We will categorise the eligible trials into two groups according to the study types. Group I will include only conventional RCTs. Group II will include specific types of NRS's, which involve quasi-randomised controlled trials (Q-RCTs), non-randomised controlled trials (NRCTs) and double-armed prospective cohort studies (PCS's). This categorisation is based on the Cochrane handbook recommendations,35 and we will examine the ‘actual features’ of study designs rather than ‘labels’ of study designs. Other types of NRS's, such as case–control studies, cross-sectional studies and controlled before-and-after studies, will be excluded. Each group will be assessed and analysed separately (table 1). An independent methodologist (SA) will perform this categorisation.

Table 1.

Type of studies in two groups

Group I Group II
Study types Conventional RCTs
  • Q-RCTs

  • NRCTs

  • PCS's

Assessment Cochrane Collaboration risk of bias tool
  • NRS checklist

  • Cochrane Collaboration

  • NRSMG tool

Analysis
  • Random-effect model (DerSimonian-Laird effect)

  • Cumulative meta-analysis

Random-effect model (DerSimonian-Laird effect)

non-RCT, non-randomised controlled trials; NRCTs, non-randomised controlled trials; NRSMG, Non-Randomized Study Methods Group; PCS's, double-armed prospective cohort studies; Q-RCTs, quasi-randomised controlled trials; RCT, randomised controlled trials.

Participants

The participants of this study will be 18 years of age or older, and diagnosed with RPC. We will include patients who received surgical resection for PC and exclude patients with borderline resectable (BRPC), locally advanced (LAPC) or metastatic PC (MPC).

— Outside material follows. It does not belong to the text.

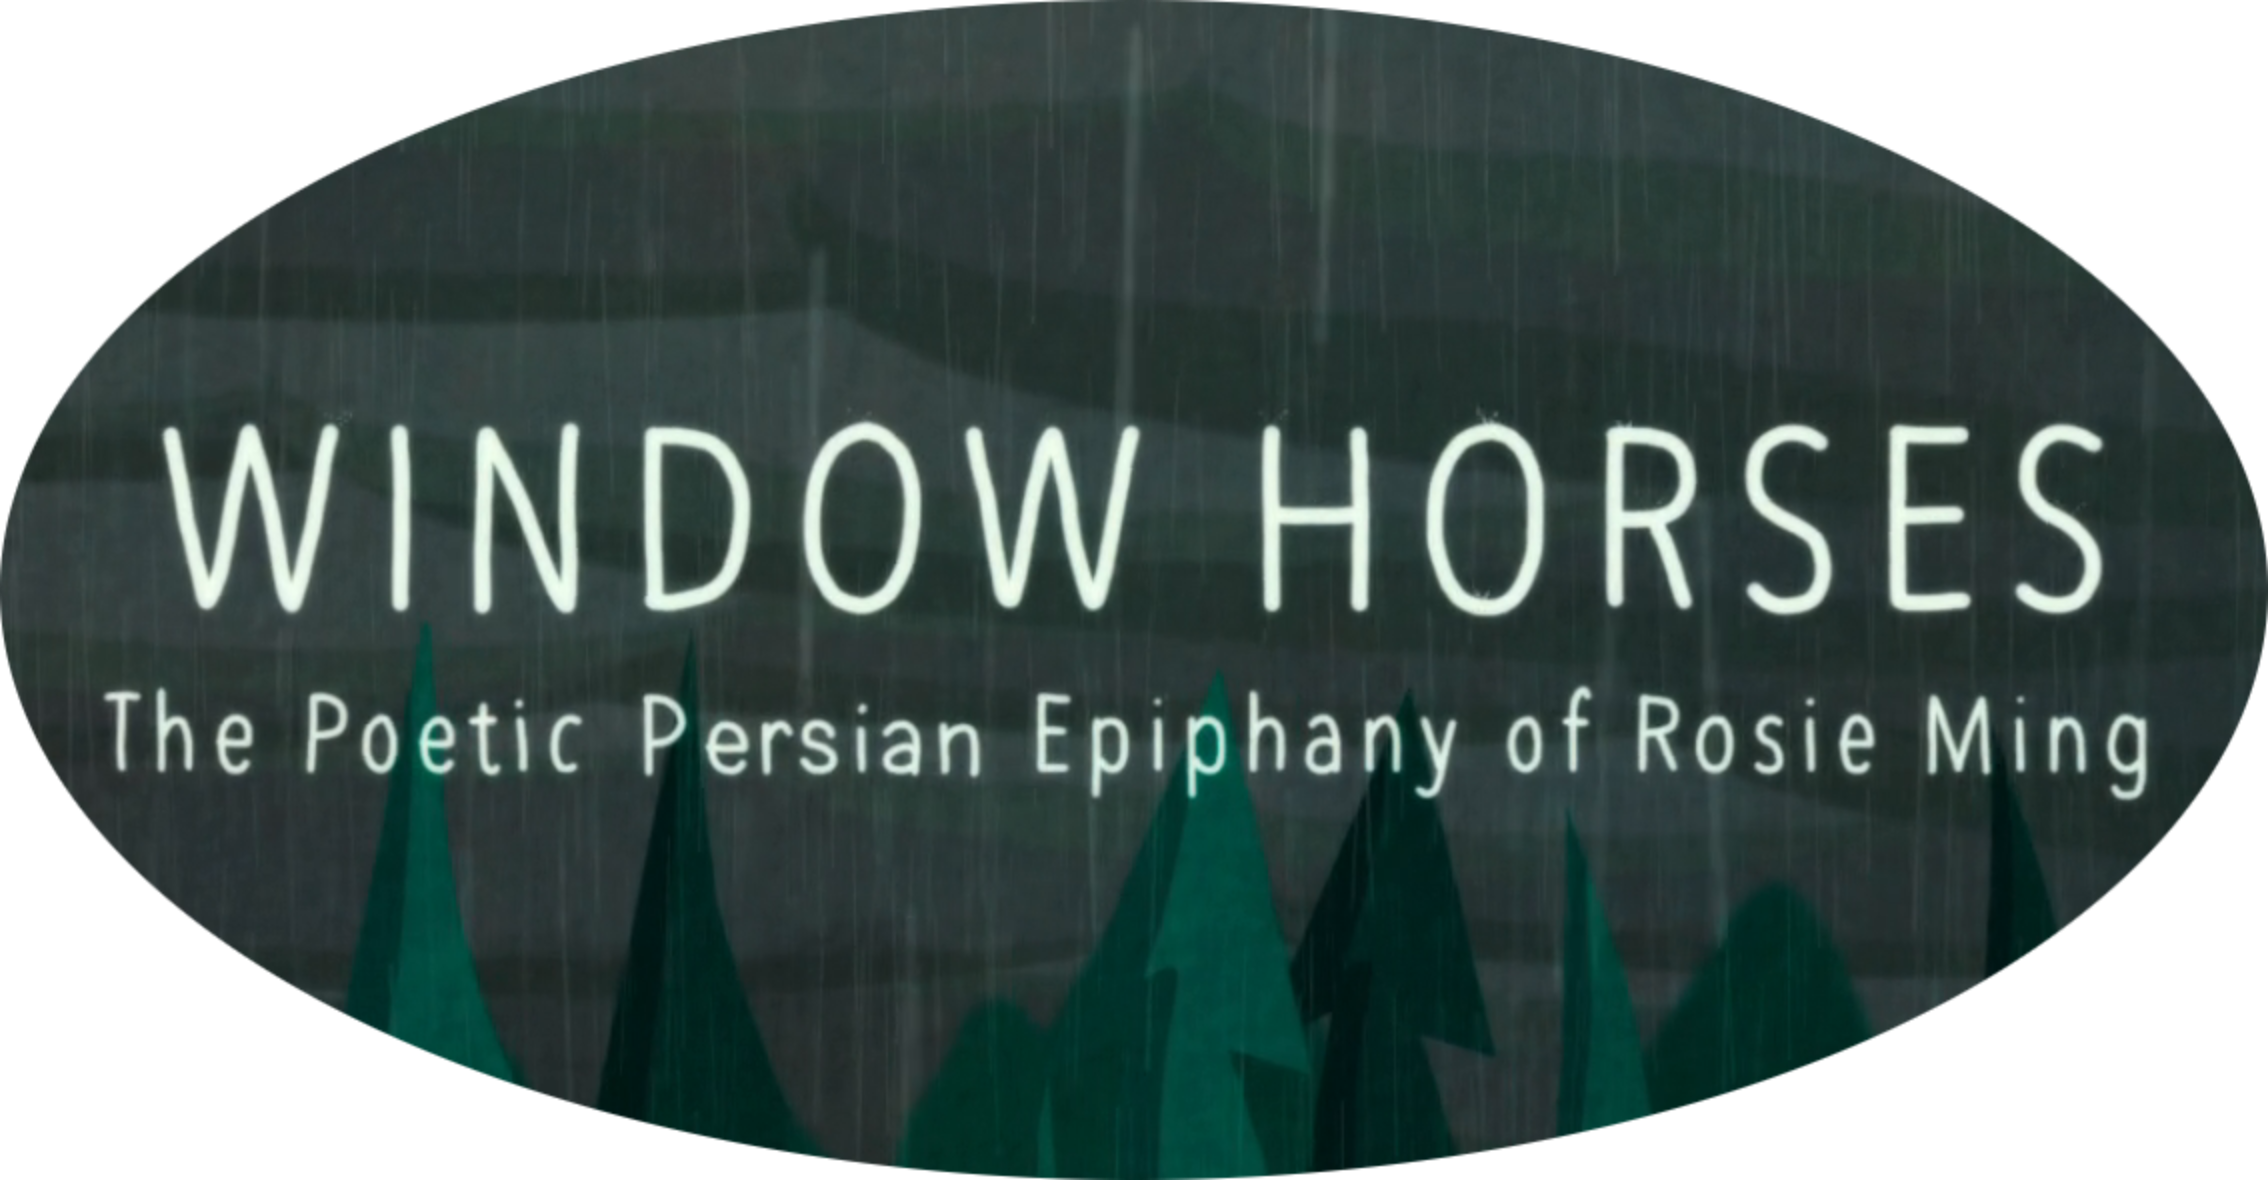 Window Horses

For any studies covering RPC and other stages of PC, we will extract the data for patients with RPC.

In regard to the definition of resectability status, we will basically follow the NCCN criteria as below.13 However, an accurate definition of BRPC is still not unified among various studies. Therefore, if the definition of BRPC or LAPC is not clear in a certain study, we will check the full text to determine the selection of that study. Here, we present summarised definitions of RPC, BRPC and LAPC according to the NCCN 2015 guidelines. In the actual selection process of articles, a more detailed guideline in NCCN will be applied.

  1. RPC: pancreatic tumour without arterial or venous tumour contact. If there is a ≤180° venous tumour contact without venous contour irregularity, it will be regarded as RPC.

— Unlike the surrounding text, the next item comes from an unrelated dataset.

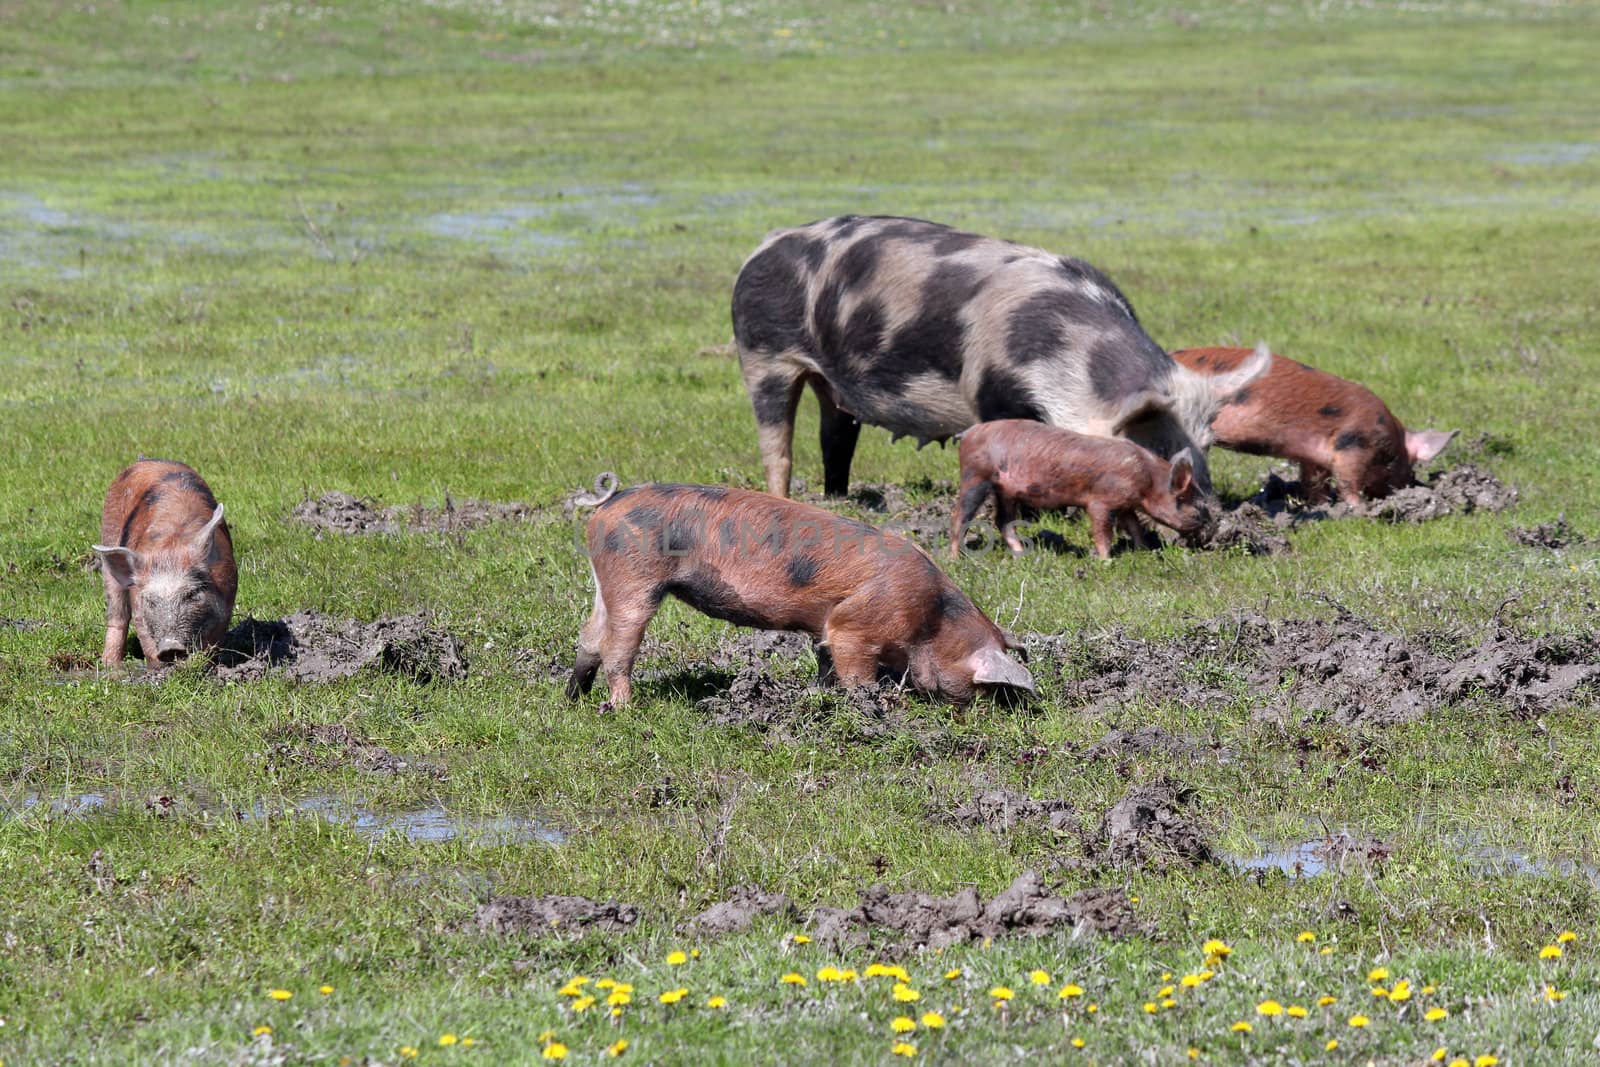 pigs in a mud farm scene by goce

  2. BRPC: solid tumour contact with artery of ≤180°. If there is >180° of contact without involvement of the aorta in body/tail cancer, it will be regarded as BRPC. For venous contact, a solid tumour with a >180° contact or venous contour irregularity will be regarded as borderline resectable status.

  3. LAPC: solid tumour contact of >180° with arteries, and unreconstructible vein due to tumour involvement of occlusion.

In regard to ‘potentially resectable’ PC, some articles use this expression as a same meaning with only RPC, whereas others use this as a more extended meaning including RPC and BRPC. Therefore, we will check the full text of those articles to clarify the inclusion of articles and extraction of data.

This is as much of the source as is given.